A critical step in the analysis of multi-omic datasets is the integration of information obtained from the different layers. Though valuable strategies have been developed in recent years to integrate RNA- and ATAC-seq data, alternatives are still required to optimize and enlarge the functional information obtained from the combination of these powerful techniques (Ackermann et al., 2016; Höllbacher et al., 2020; Yan et al., 2020). In this study, we approached data integration through two alternative strategies, that we called pairwise and crosswise.

As a first level of integration, we identified genes with concordant regulation in RNA- and ATAC-seq upon treatment. In this pairwise integration, we compared the direction of transcriptional regulation of genes to the accessibility of their promoters, as specified in the Methods section and shown in Figure 4D (M 6 hr), Figure 4—figure supplement 2A (B 6 hr), and Figure 4—figure supplement 2B (12 hr). Given the biological delay that could exist between chromatin remodeling and a detectable variation in transcript level, pairwise comparisons were also considered between chromatin changes after 6 hr and transcriptional responses after 12 hr of treatment (Figure 4—figure supplement 2C). We then applied GSEA to the identified groups of genes across all conditions to point out functional processes of interest.

Overall, the integration efficiently identified key regulators of previously described processes, once more highlighting the value of applying multi-omics to gain a higher resolution and robustness in the analysis of drug responses. As described in Figure 4D for compound M, and similarly for B (Figure 4—figure supplement 2A), we observed coherent upregulation of genes involved in ribosome biogenesis (e.g. RNPS1), apoptosis (e.g. AEN), BER (e.g. APEX1), and cell cycle regulation (e.g. CDC45) at 6 hr of treatment in BxPC-3 cells. Meanwhile, at the same conditions, genes regulating the DDR (e.g. MDM2), proteostasis, and redox balance (e.g. GPX1) were found to be downregulated consistently in both omic layers.
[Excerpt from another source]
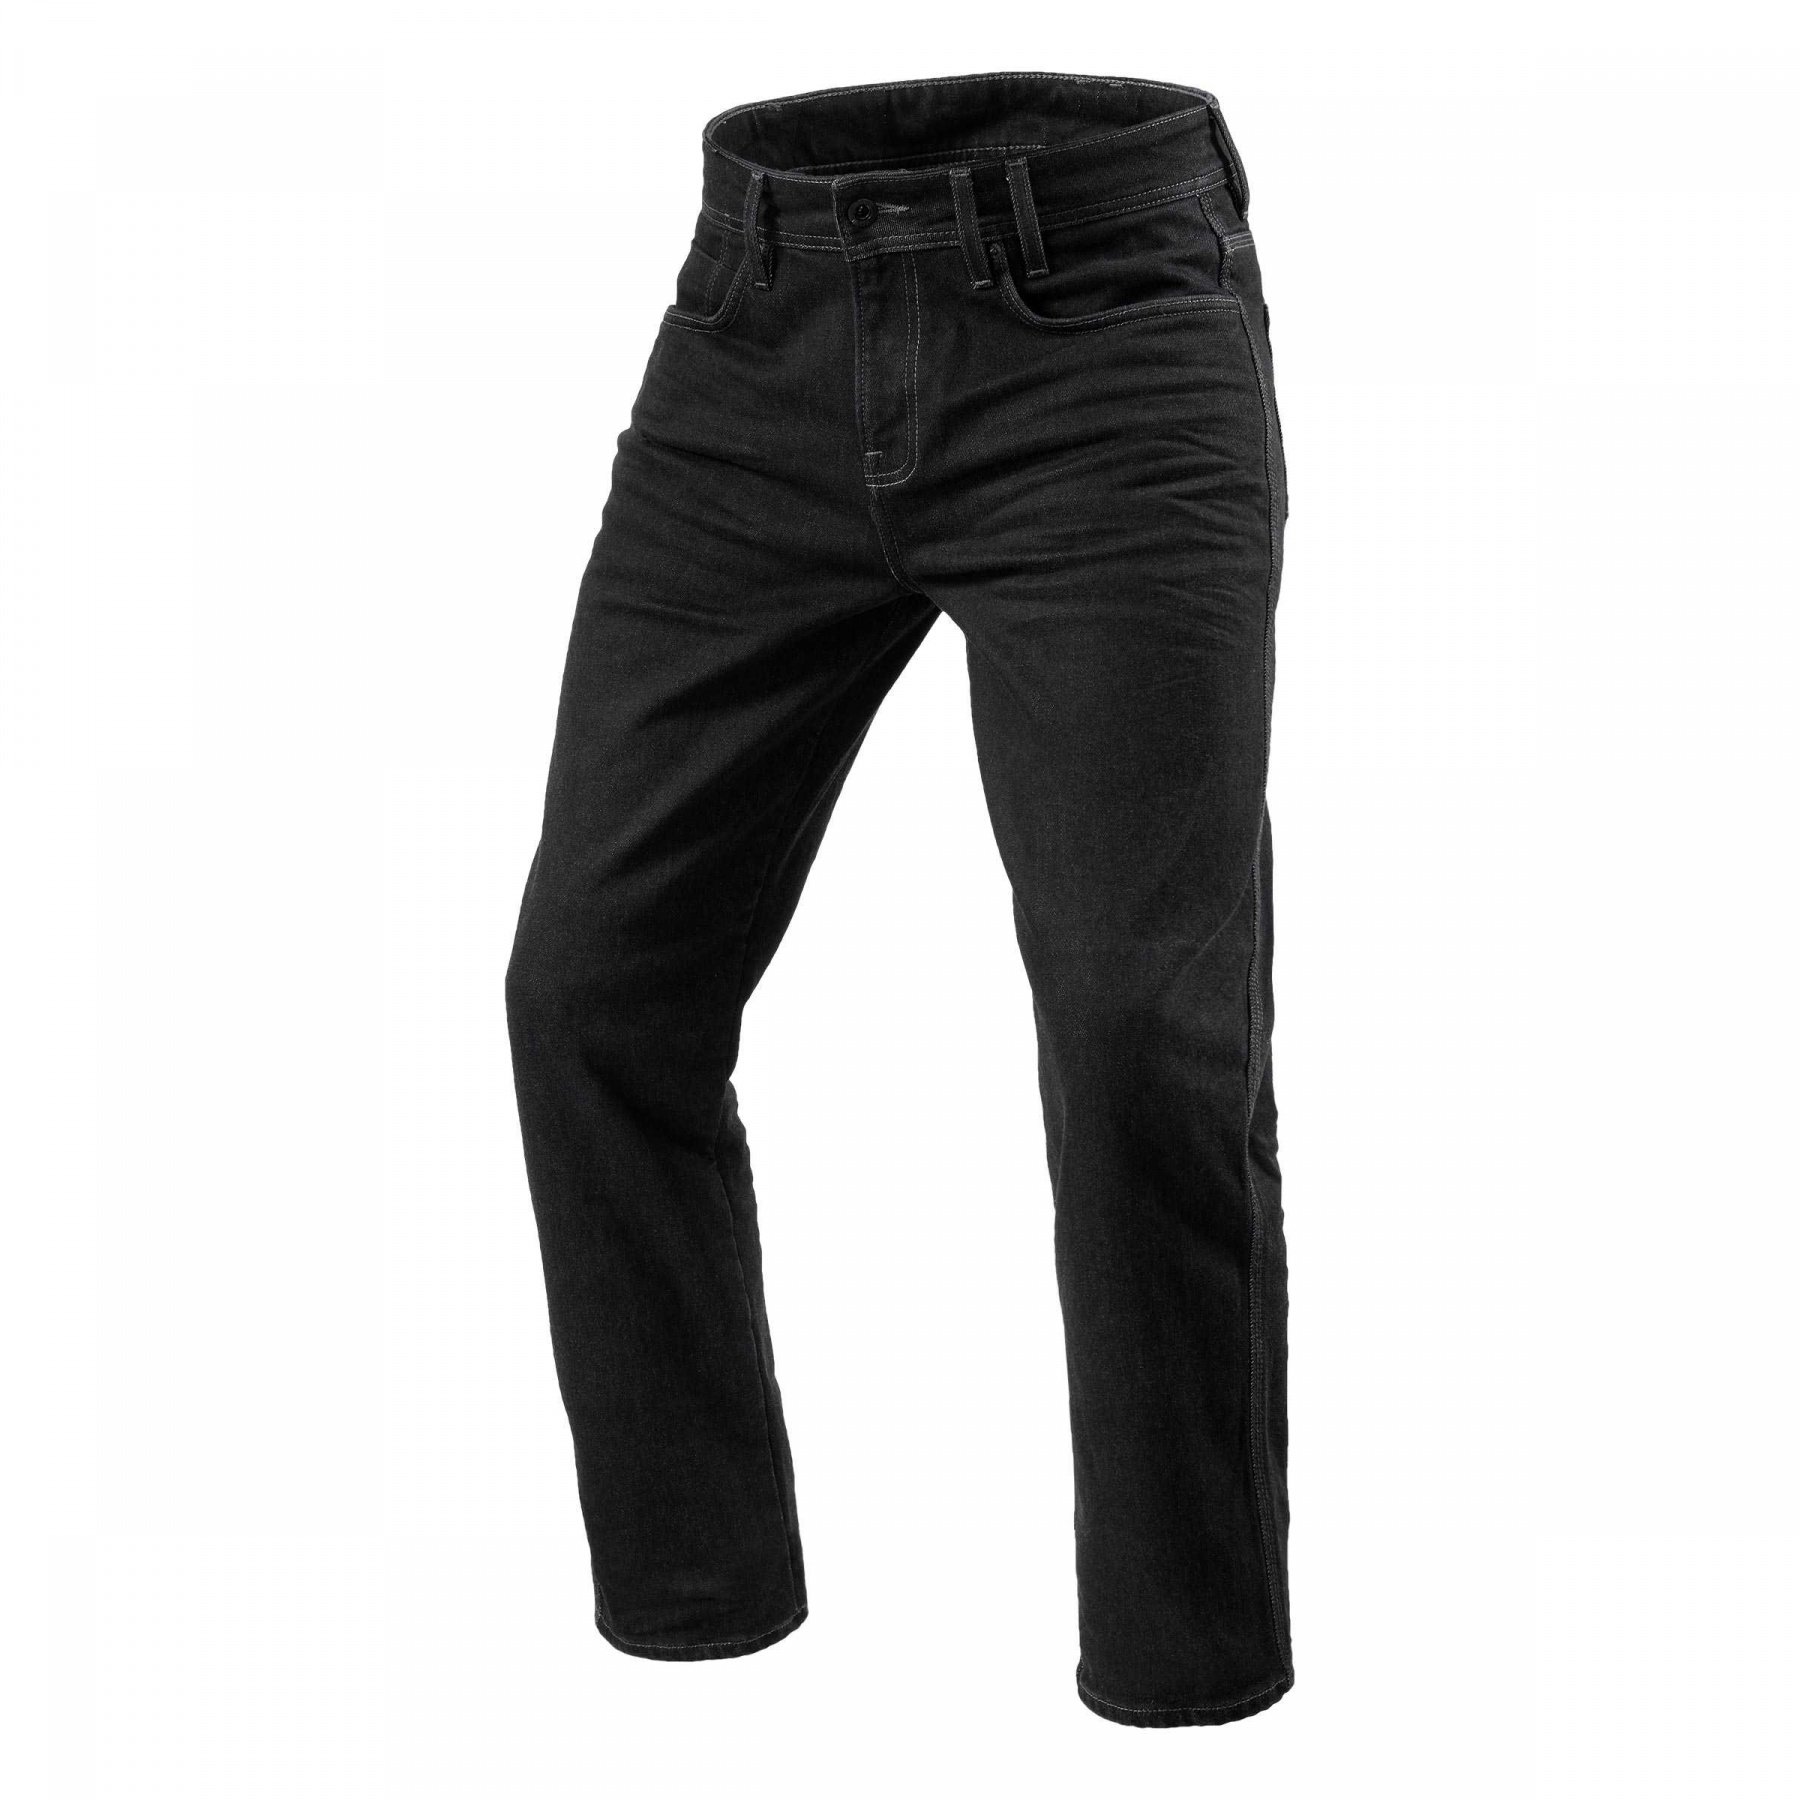 Image of REV'IT! Jeans Lombard 3 RF Dark Blue Used Motorcycle Jeans Size L36/W30 EN

Instead, the last mentioned processes were activated in HCT-15 cells, as anticipated from previous findings. Indeed, the integration highlighted double-regulated modulators of protein catabolism (e.g. PSMA3), DNA repair (e.g. DTL), and lipid metabolism, such as the previously described SCD. Interestingly, these cells also turned out to activate TGF β signaling (e.g. BMPR1A), an important player in cancer drug resistance, in response to B (Figure 4—figure supplement 2A; Brunen et al., 2013). Furthermore, BxPC-3 cells downregulated, early after 6 hr, genes involved in actin remodeling, a mechanism affecting morphology and function of cancer cells (e.g. CARMIL1) (Figure 4—figure supplement 2A; Caridi et al., 2019; Tafazzoli-Shadpour et al., 2020). Additional insights on double regulation of further processes were evidenced at 12 hr (Figure 4—figure supplement 2B), suggesting for instance autophagy (e.g. CALCOCO2) as a putative pathway accounting for the enhanced catabolism in HCT-15 cells (Chang and Zou, 2020).

Collectively, pairwise integration of RNA- and ATAC-seq shed light on genes with robust regulation at the transcriptional and chromatin level, adding further details to the previously identified response pathways.

Crosswise integration expedites the comprehension of multi-omic data

Through the pairwise approach, we identified genes with both transcriptional and chromatin regulation which significantly contributed to the observed cellular response. We further evaluated the crosstalk between RNA- and ATAC-seq at a different level by focusing on groups of genes co-regulated in the two omic layers. The identification of genes sharing similar regulation across conditions either at the transcriptional or chromatin level would maximize the detection of interacting pathways and regulatory processes, e.g., as a result of chromatin changes in promoters tuning the transcription of a certain gene set. This approach, which we termed crosswise integration, was achieved by a combination of horizontal and vertical construction of co-expression network analysis (hCoCena and vCoCena).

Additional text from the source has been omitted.